Unlike chatGPT, it's free.
But - it's different:
· You can't submit really long prompts. There's a character limit
· You can't continue the conversation after 10 back & forths
Bing prompt engineering is a skill of concision.
1. Writing documents
Generative AI can be your first draft's best friend.
It will put down all the basics for PRDs, vision docs, strategy docs, team charters, and memos.
It can save PM's time writing virtually everything important.
However, there's an art to getting its help.
Telling Bing to write a type of document - eg, "Strategy Doc" - will push it to a generic template.
Instead, YOU specify the key sections & details.
Here's my template:
"Write a document to add X feature to Y product for Z reasons.

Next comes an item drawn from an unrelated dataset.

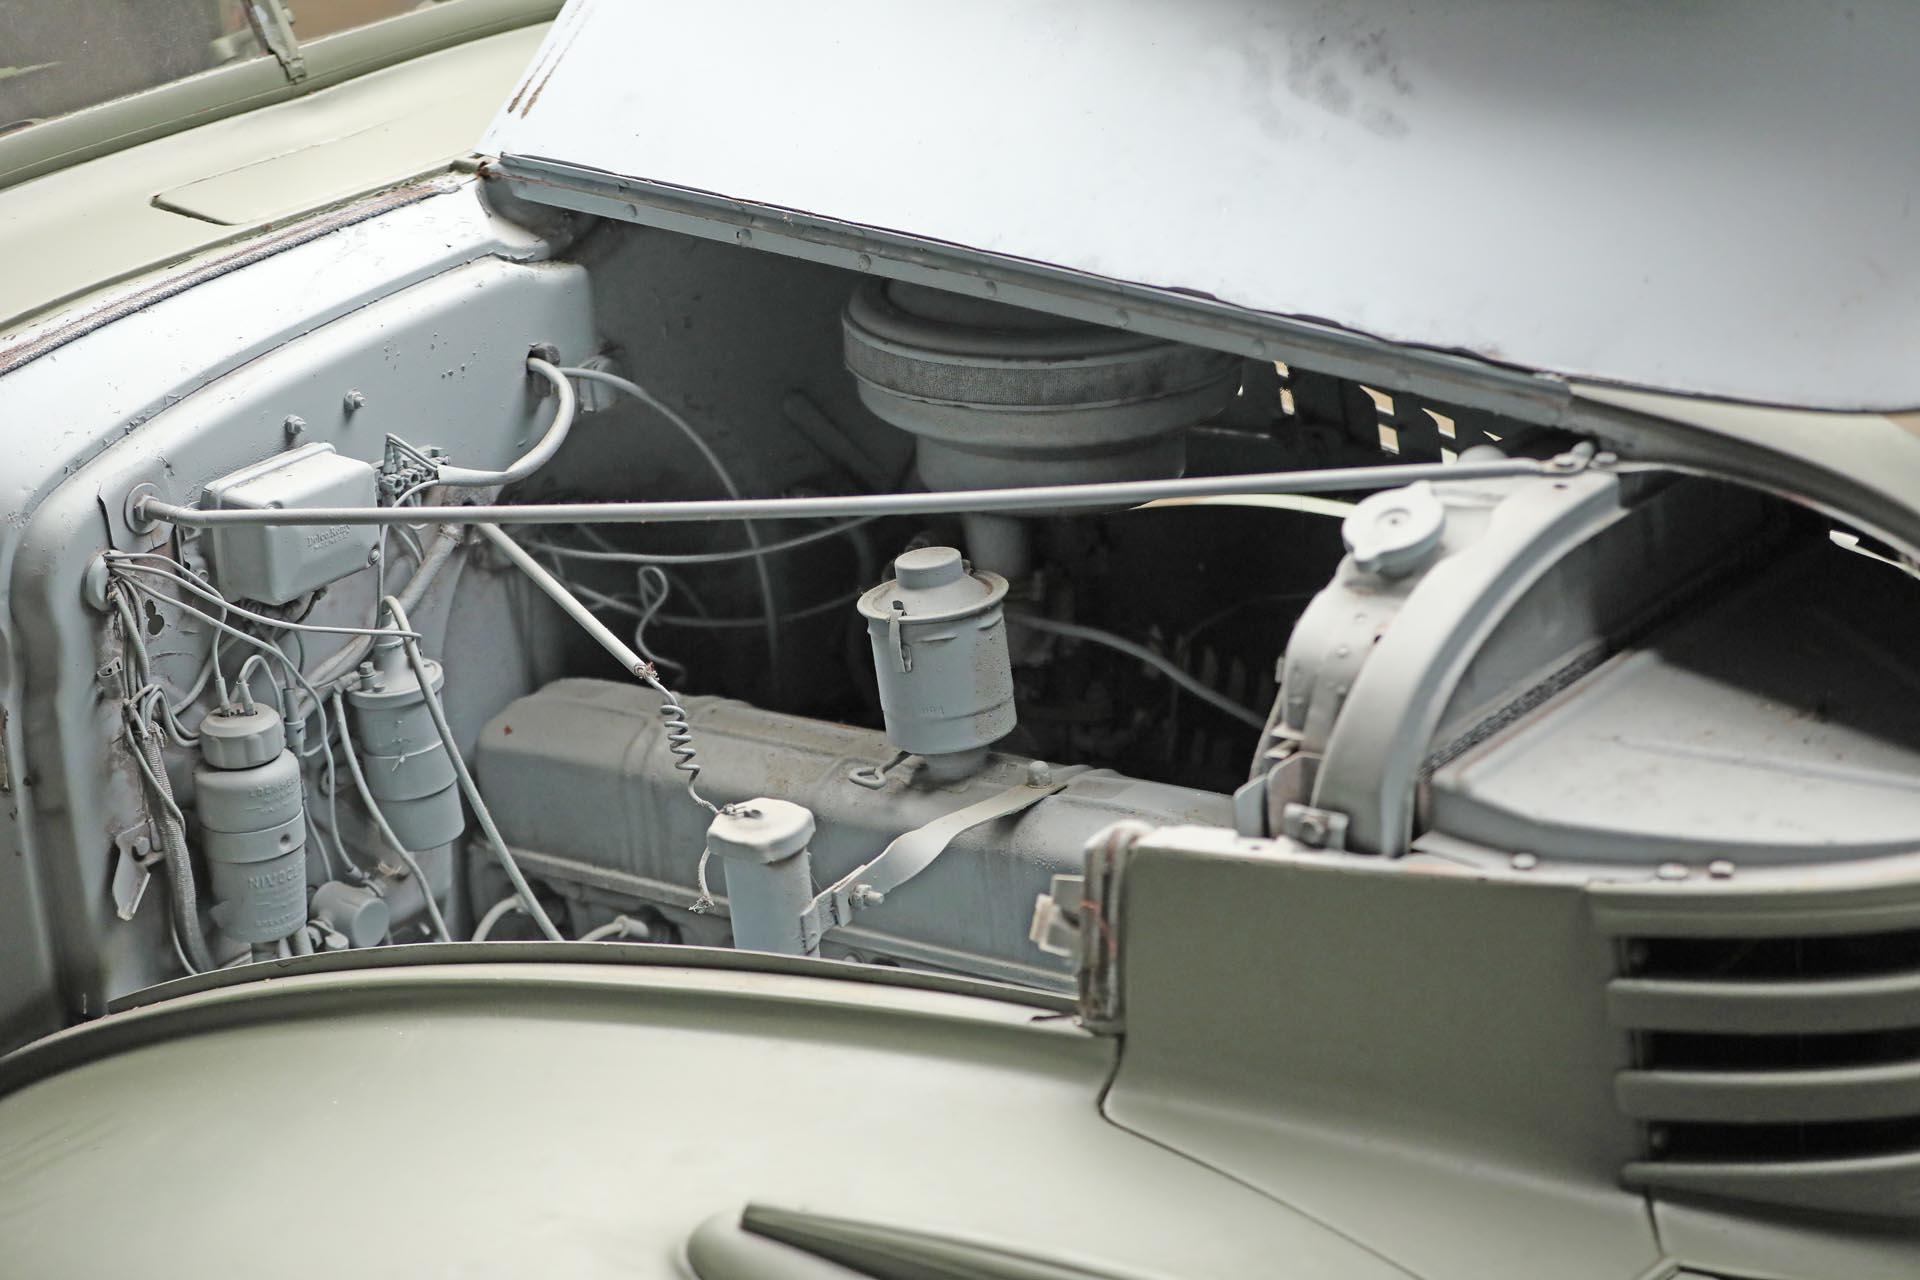 1941 Chevrolet 1543 GS Engine

Include the following sections: A, B, C."
Tips:
· Use creative mode
· Ask it to 'Continue' if it stops
· Give it feedback to re-write sections
· In followups, ask for more data and supporting evidence
2. Building tables
Bing can build you a table with information really quickly.
It helps you "think" in 2x2s and multi-variable equations.

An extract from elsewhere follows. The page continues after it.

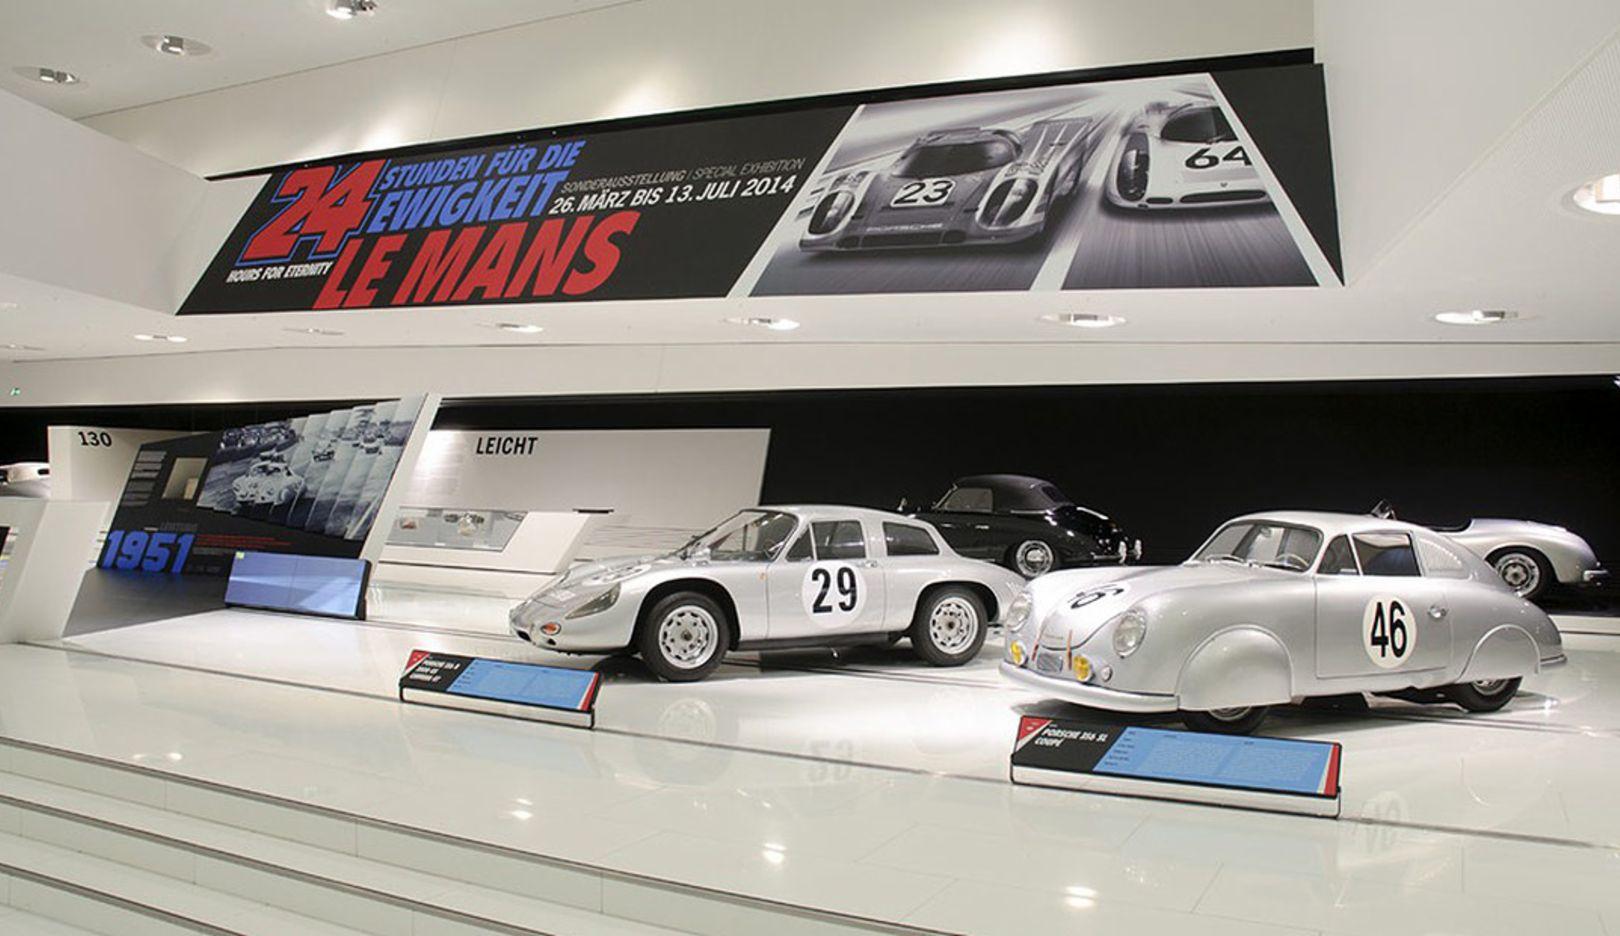 Exhibition Le Mans, Porsche museum, 2014, Porsche AG

It's a great method for communication.
The problem with Bing and tables is many will fail if you ask for difficult information.
It will just say, 'Sorry.'
So one of my tricks is to focus on searchable info.
Try it yourself:
"Build me a table comparing X on A, B, and C."
Tips:
· Make X what it searches for
· Choose comparison variables it can easily find
· Ask for information it can search for and is available
· You just can't get too crazy asking it to calculate or think
3. Understanding users
Bing can help you quickly read through user research, especially if yours is a product people talk about online.
It's a good first pass on users before deeper research.
The trouble is getting it to give you quality versus surface-level.
Asking it to give you user quotes is one way to get to testimonials.
Here's my template. Try it yourself:
"Describe with user quotes the top reasons X"
Tips:
· Use follow-up prompts to ask for more quotes
· Consider building a table to get dimensionality
· Don't expect it to things that aren't easily searchable
4. Analyzing competitors
As a PM, it's hard to have time for every competitor move.
For certain one's, you want very specific information.
Bing chat is faster than Google search.
Like tables, the hard part is keeping Bing confident.
Otherwise, it returns 'Sorry, I couldn't find that.'
So specify things like pictures and user quotes.
Here's my template:
"Include pictures and user quotes to cover the top elements of X Company's Y move in Z time"
Tips:
· Use balanced mode
· The pictures currently land in the citations
· Use follow ups to dig into details you need
5. Responding to email
This last one is probably the most controversial.
But - Bing is great at delivering something to start with.
Let's say you have to draft say NO to a SaaS tool you talked with for a long time.
It's an email you want to nail but isn't rocket science.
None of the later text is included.